The formidable extent of this insurrection is revealed, not only by the numbers that participated in it, but also by the spirit shown by those in revolt, as well as by those in authority. Neither Don Bartholomew nor the Admiral thought it prudent to move against Roldan and attempt to crush him by force. This hesitating prudence can only be explained by the fear that such a movement would weaken rather than strengthen the colony; and such a fear could be justified only by a very wide-spread and deep-seated spirit of dissatisfaction. Columbus evidently expected on his arrival to find that the revolt of Roldan had its root in a personal antipathy to the Adelantado, and that as soon as he should himself resume direct control of affairs, all discontent would subside. But in this he was bitterly disappointed. The Alcalde continued to maintain an attitude of stubborn defiance. Negotiations were entered into from time to time; but they proceeded slowly, and only served to show the extent and the spirit of the party in revolt.
It was while these perplexing events were taking place that Columbus sent back to Spain such of the ships as were not needed in the colonies.

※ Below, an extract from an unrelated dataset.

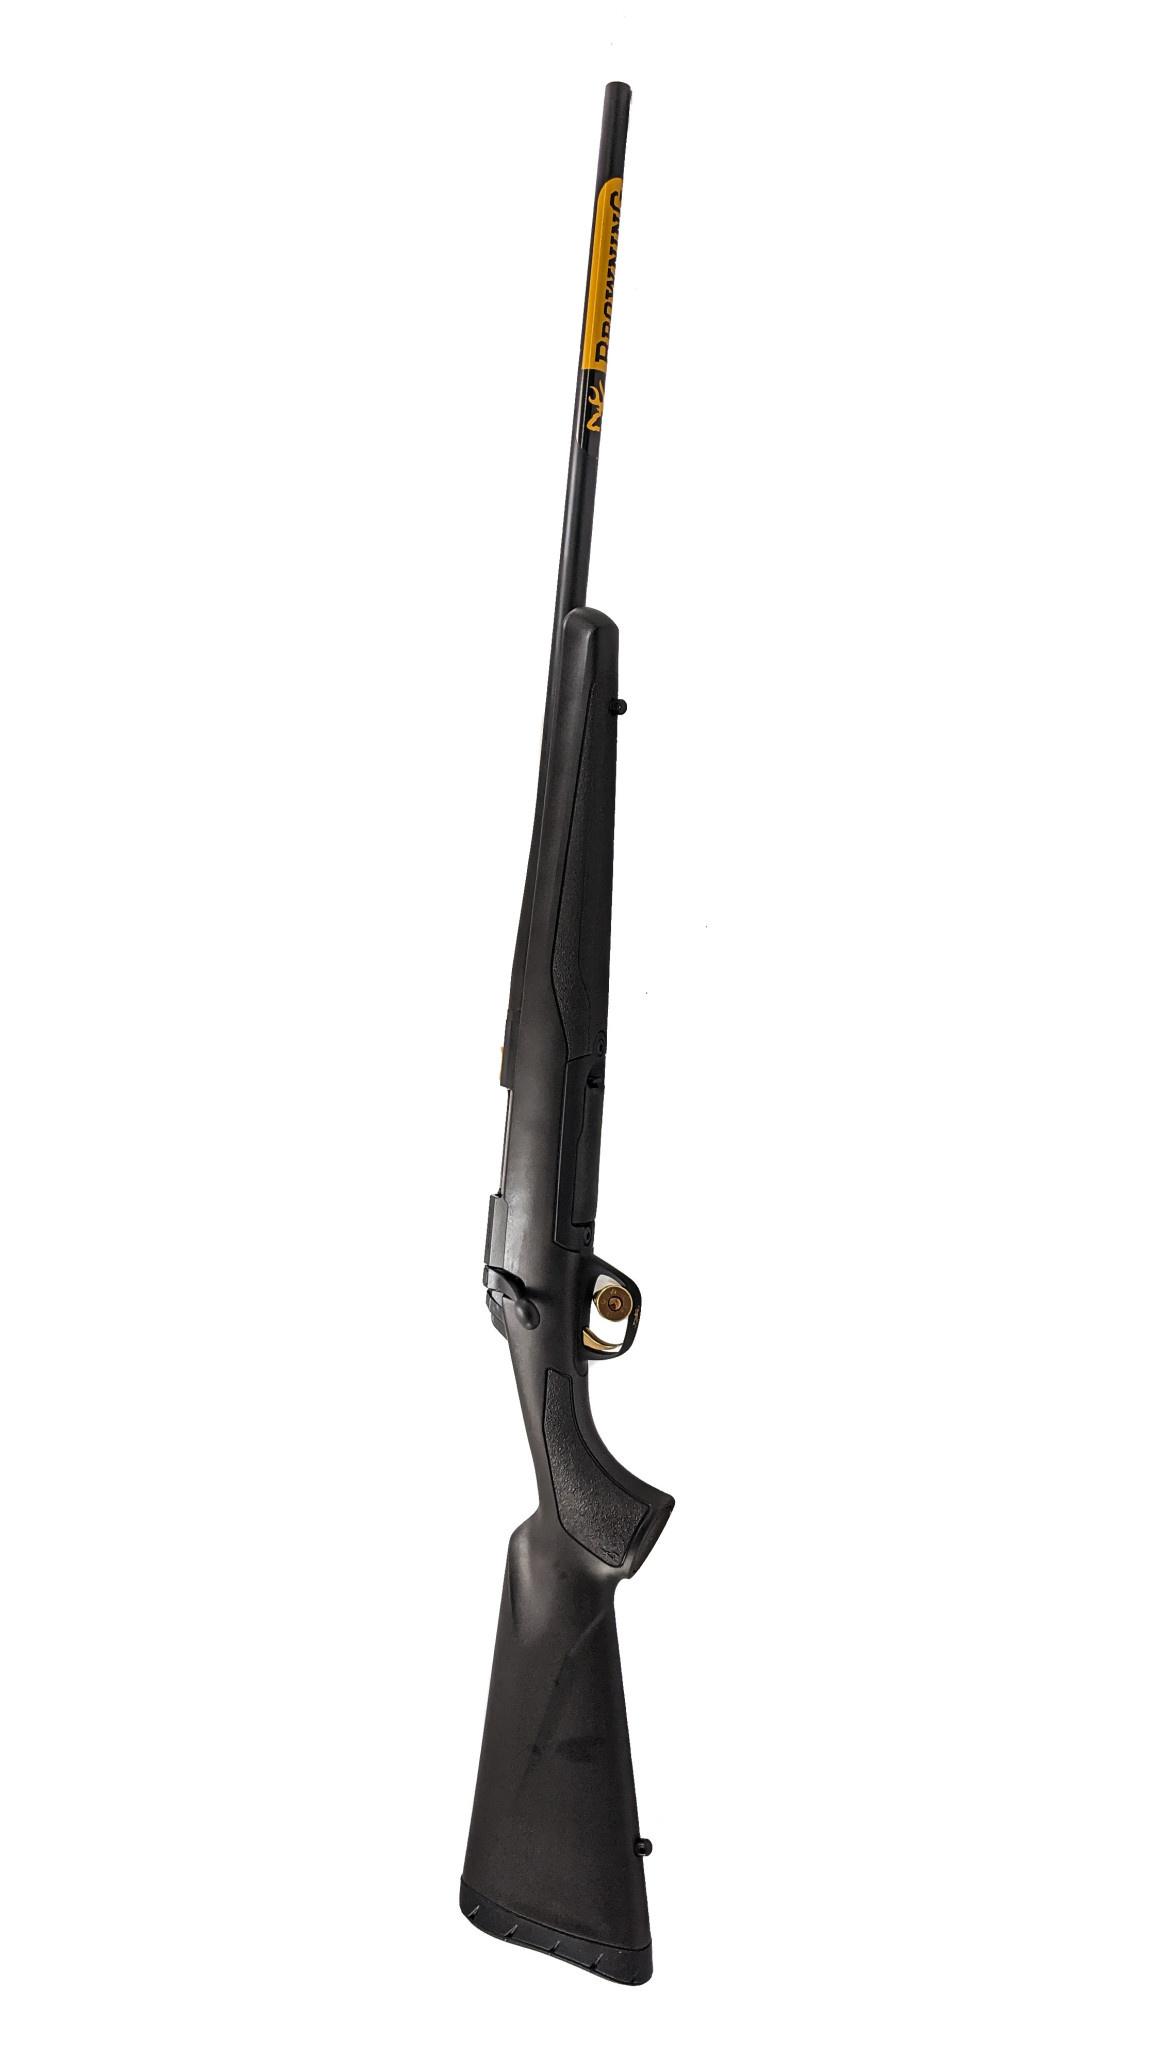 Browning X-bolt Composite Stalker .308 Win

In November of 1498 an elaborate agreement was reached, the details of which reveal at once the weakness of Columbus and the strength of Roldan. It had all the characteristics of a treaty, in which every concession, except that of abandoning the island to the rebellion, was made by the Admiral. Columbus agreed to furnish within fifty days two vessels for transporting the rebels to Spain, to furnish them with ample provisions for the voyage, to allow one slave, man or woman, to each of Roldan’s men, to pledge his honour as a Spanish gentleman that he would do nothing to detain or obstruct the vessels, and to write to the sovereigns a letter designed to absolve Roldan and his men from all blame.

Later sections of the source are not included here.